WHAT THE TASK REQUIRES |
Would you transcribe exactly the lines from the one containing "Mendocino County lookout" to the last line of the data below, both ends included, but none of the pictures?

GIVEN DATA |

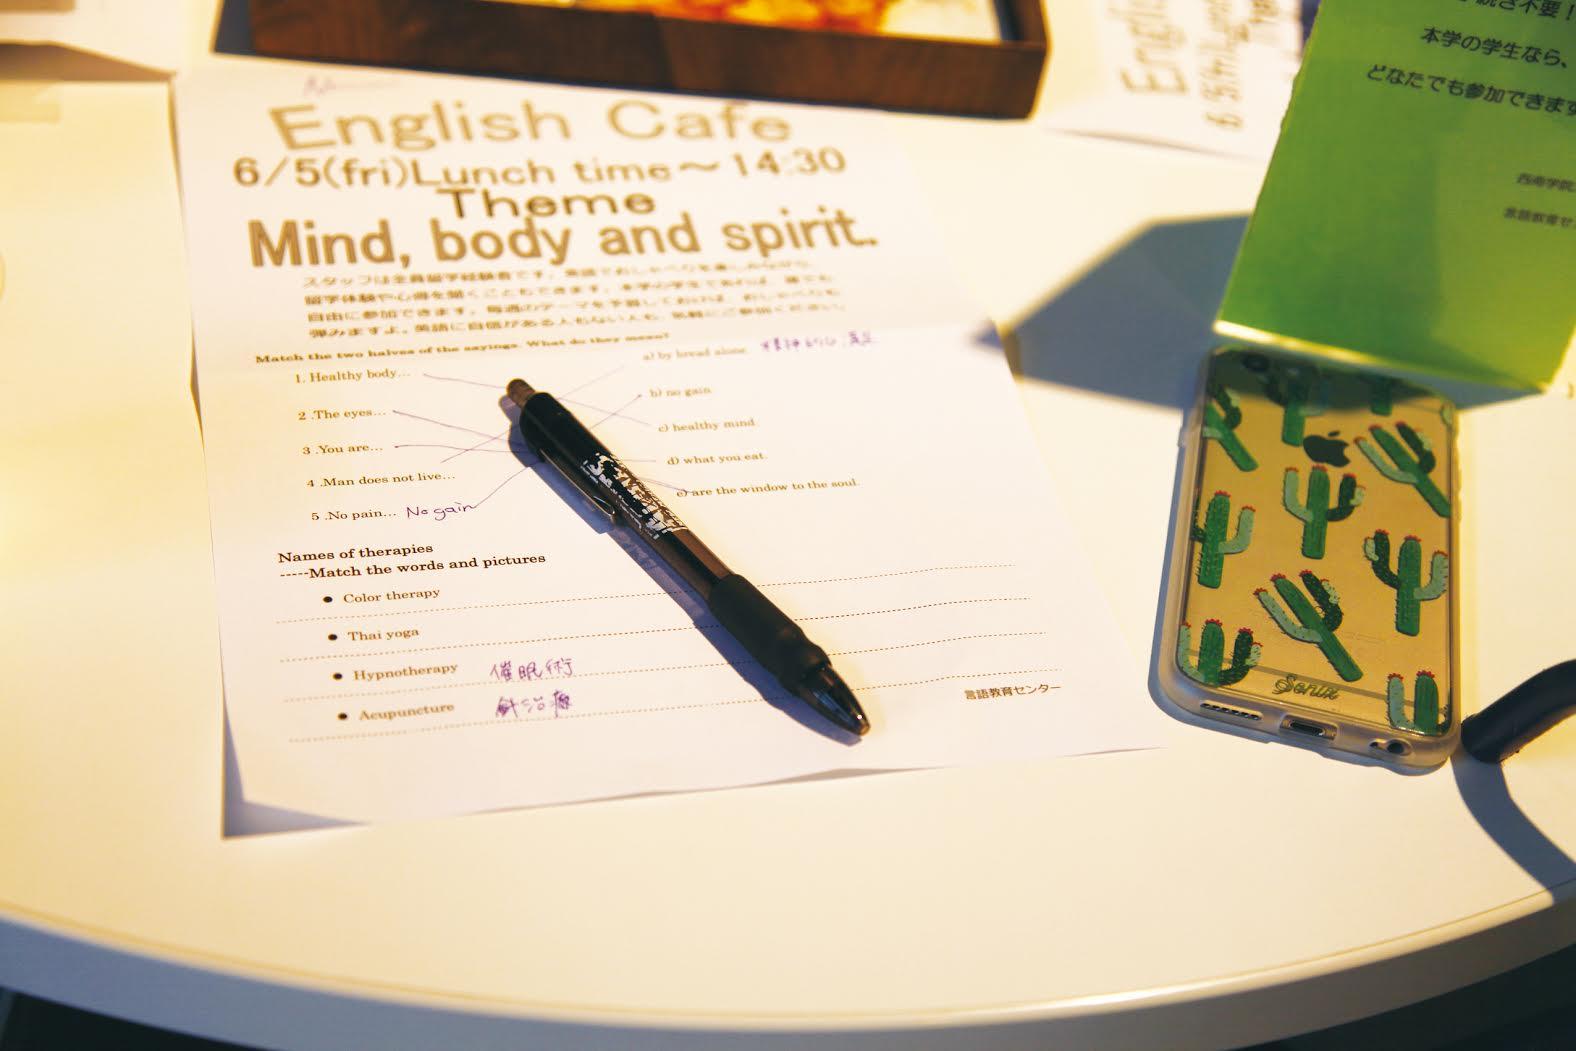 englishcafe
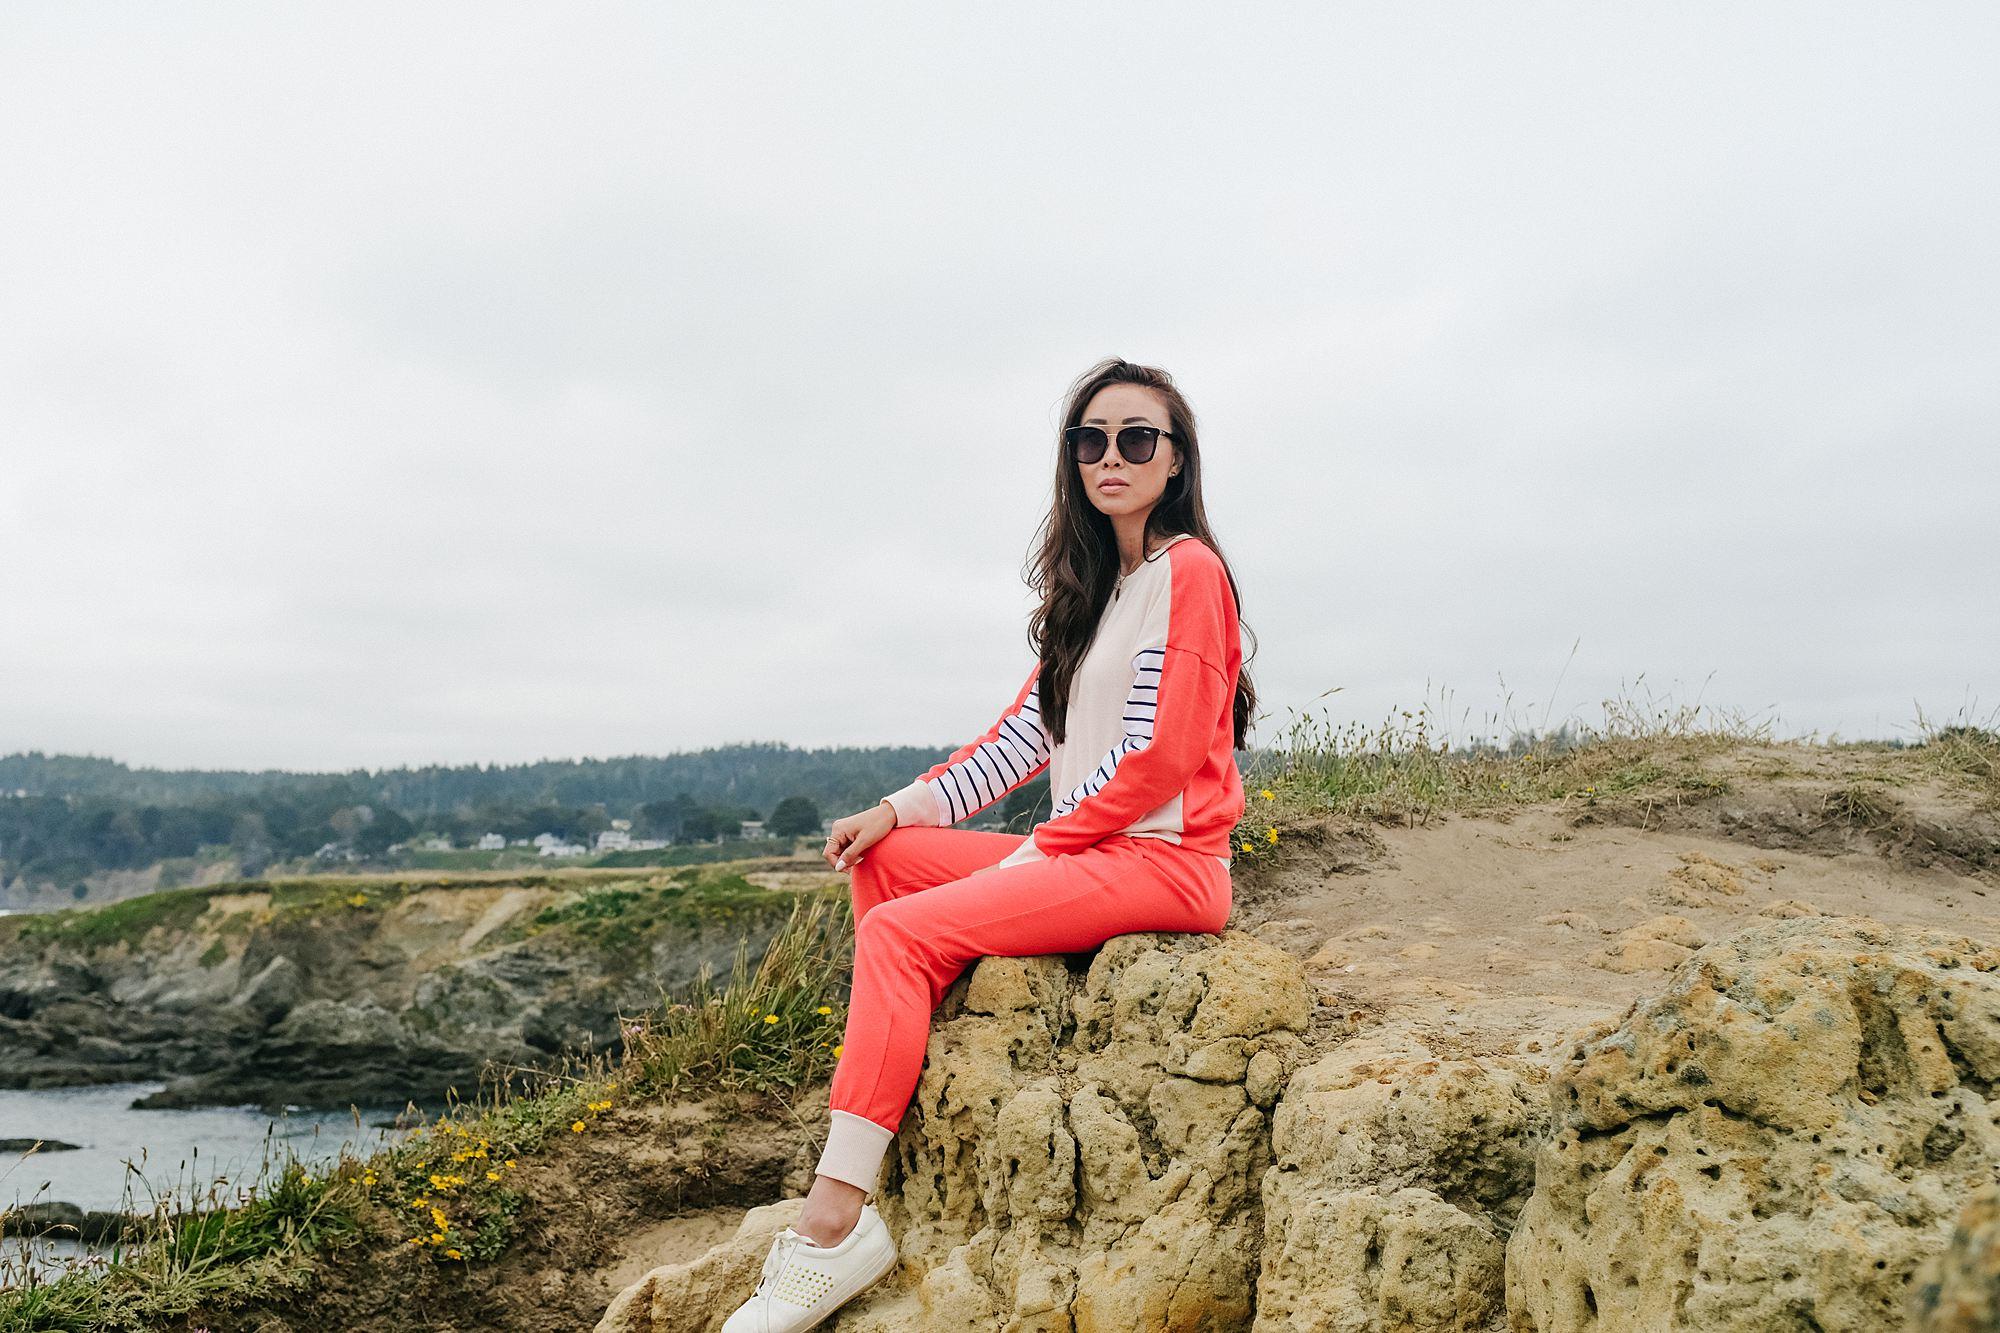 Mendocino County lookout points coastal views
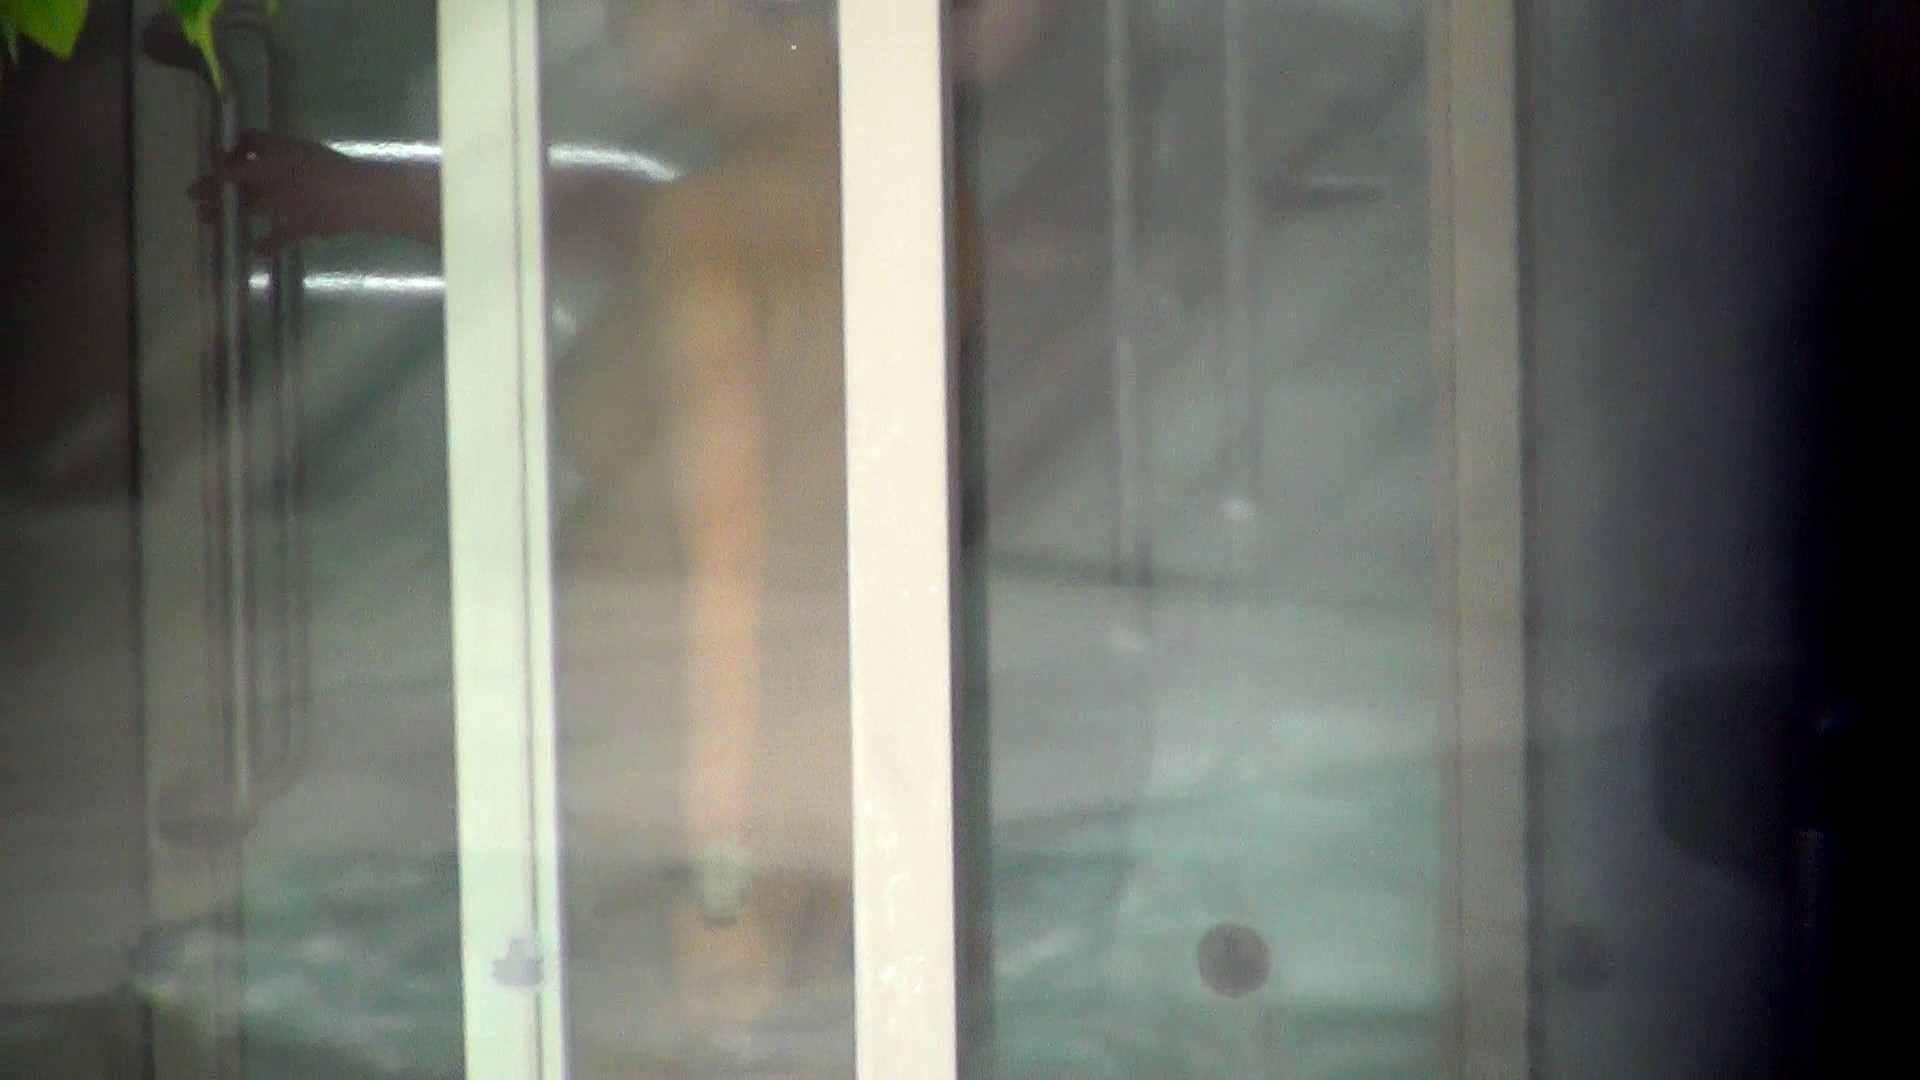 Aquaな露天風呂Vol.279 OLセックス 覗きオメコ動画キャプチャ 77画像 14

ANSWER SPACE |
 Mendocino County lookout points coastal views
 Aquaな露天風呂Vol.279 OLセックス 覗きオメコ動画キャプチャ 77画像 14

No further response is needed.